Alternatively, add sterile aqueous sodium azide to the emulsion to give a final concentration of 2.5%. Incubate for 12-14 hours at 35°C, then shake and plate on Tryptose Agar plates containing 1.5% agar and 0.04% of sodium azide.
The sodium azide suppresses the growth of most bacteria except streptococci and some lactobacilli.

Blood Culture
1. Add up to 10ml of blood to 150ml of Tryptose Phosphate Broth in a 300ml flask or bottle.
2. Incubate and sub-culture on to other media in the usual manner, according to the exact purpose of the investigation.

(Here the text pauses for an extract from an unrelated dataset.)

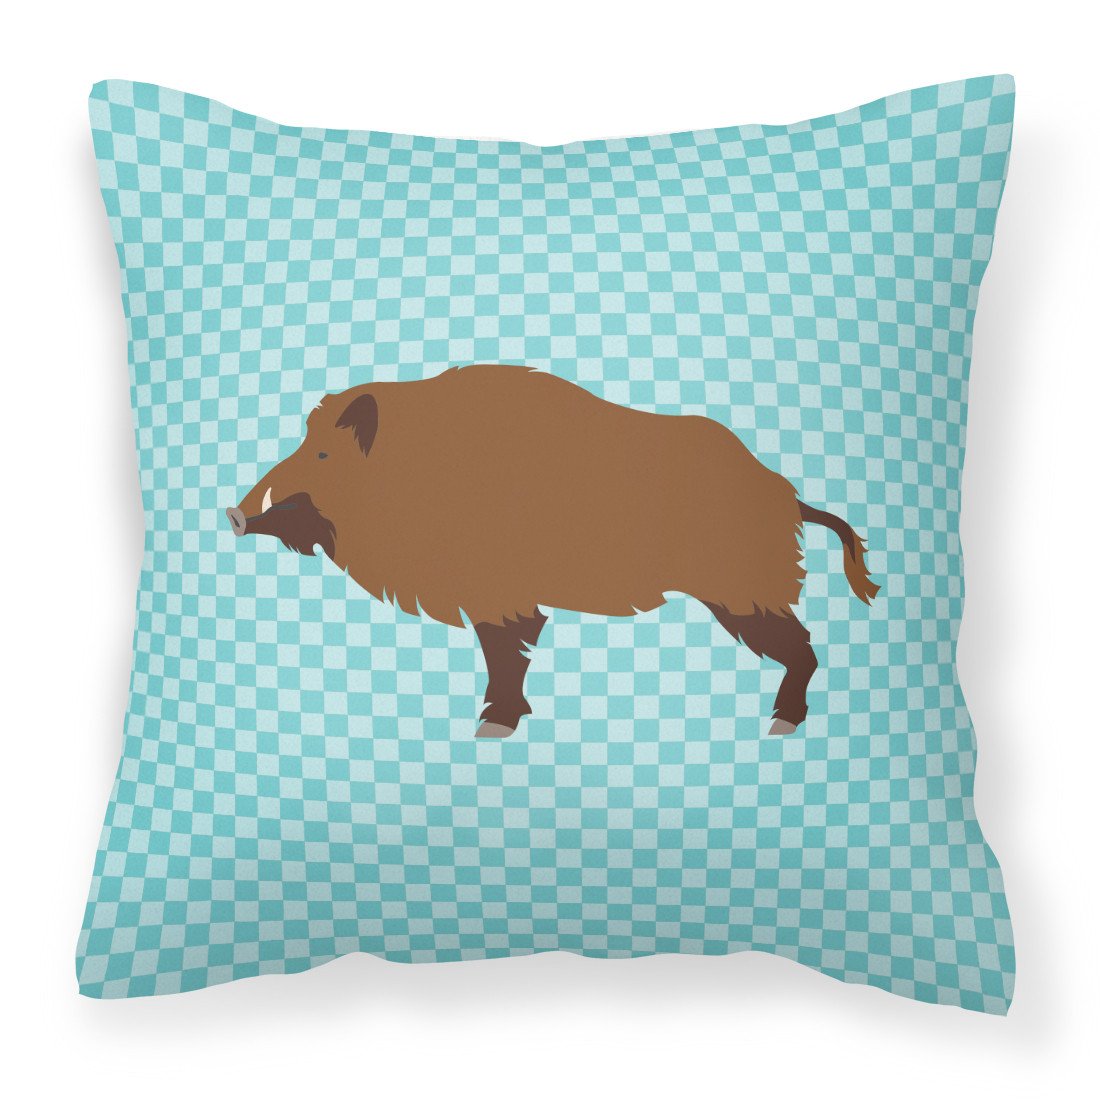 Wild Boar Pig Blue Check Fabric Decorative Pillow BB8110PW1818 by Caroline's Treasures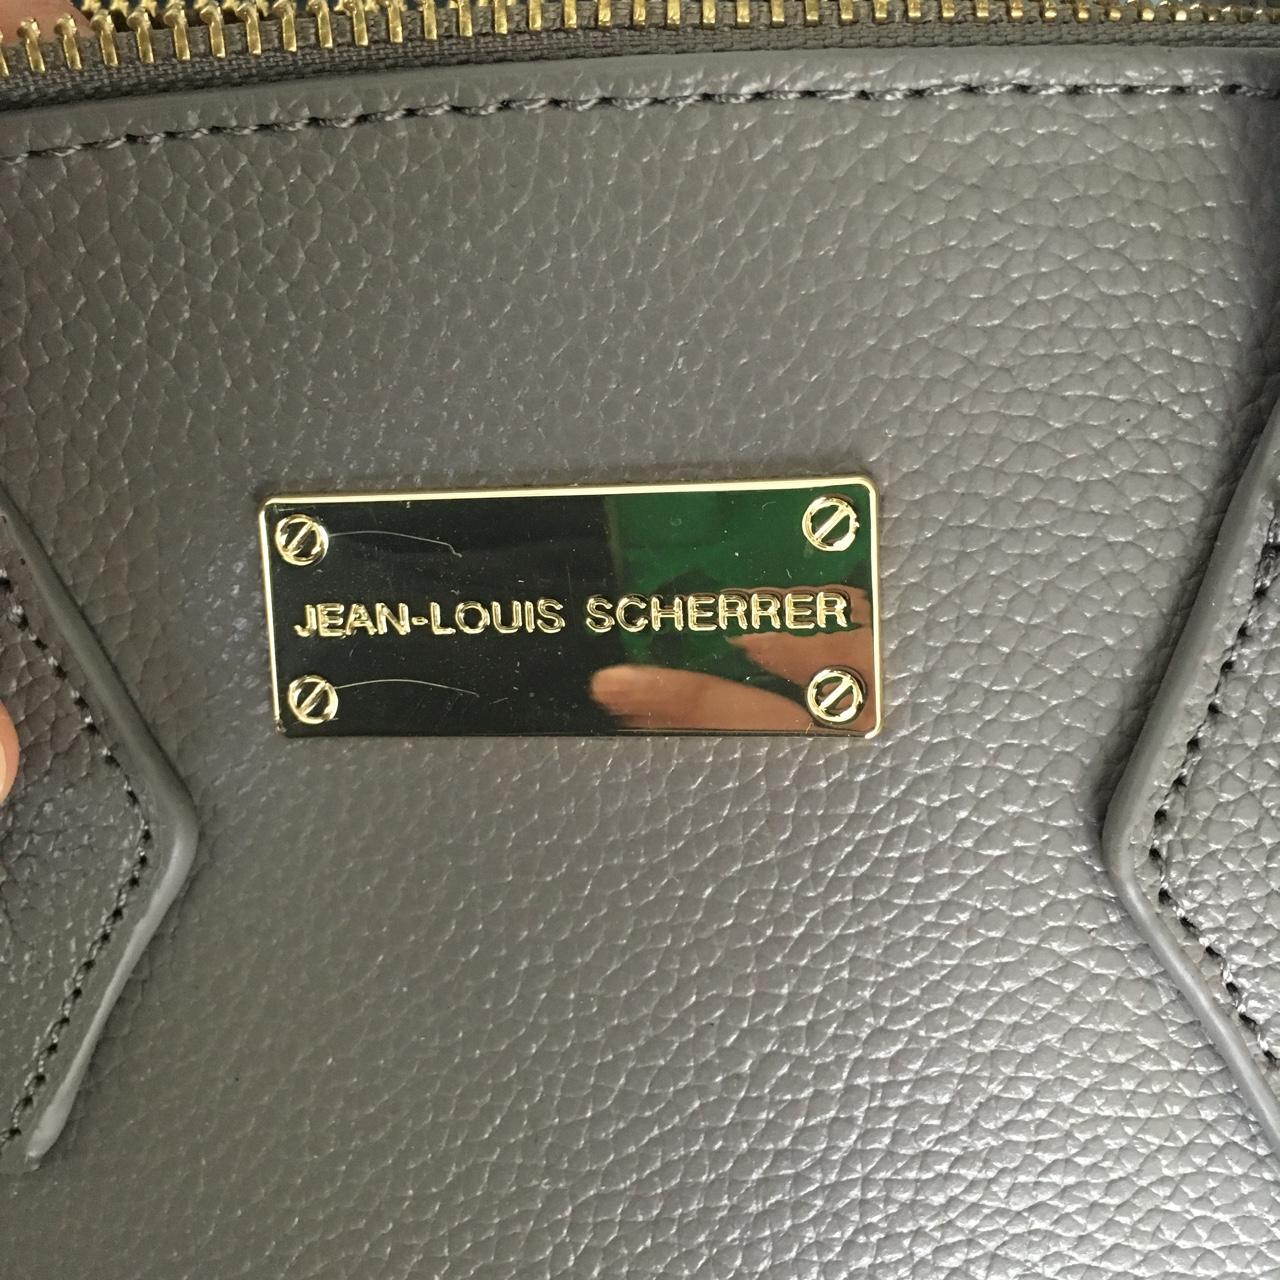 Jean-Louis Scherrer bag. French brand. Used once.

Storage conditions and Shelf life
Store the dehydrated medium at 10-30°C and use before the expiry date on the label.
Store the prepared medium at 2-8°C.

Appearance
Dehydrated medium: Straw coloured, free-flowing powder
Prepared medium: Light straw coloured solution

Quality control

Positive control:

Expected results

Streptococcus pneumoniae ATCC® 6303 *

Turbid growth

Negative control:

 

Uninoculated medium

No change

* This organism is available as a Culti-Loop®

References
1.
Ginsberg H. S. et al. (1955) Proc. Soc. Exper. Biol. Med. 89. 66-71.
2. American Public Health Association (1953) `Standard Methods for the Examination of Dairy Products’ 10th ed., APHA Inc.,
New York,
pp. 179, 180, 181.
3. Newman R. W. (1950) J. Milk Food Tech. 13. 226-233.
4. American Public Health Association (1953) `Diagnostic Procedures and Reagents’ 4th ed., APHA Inc., New York, p. 141.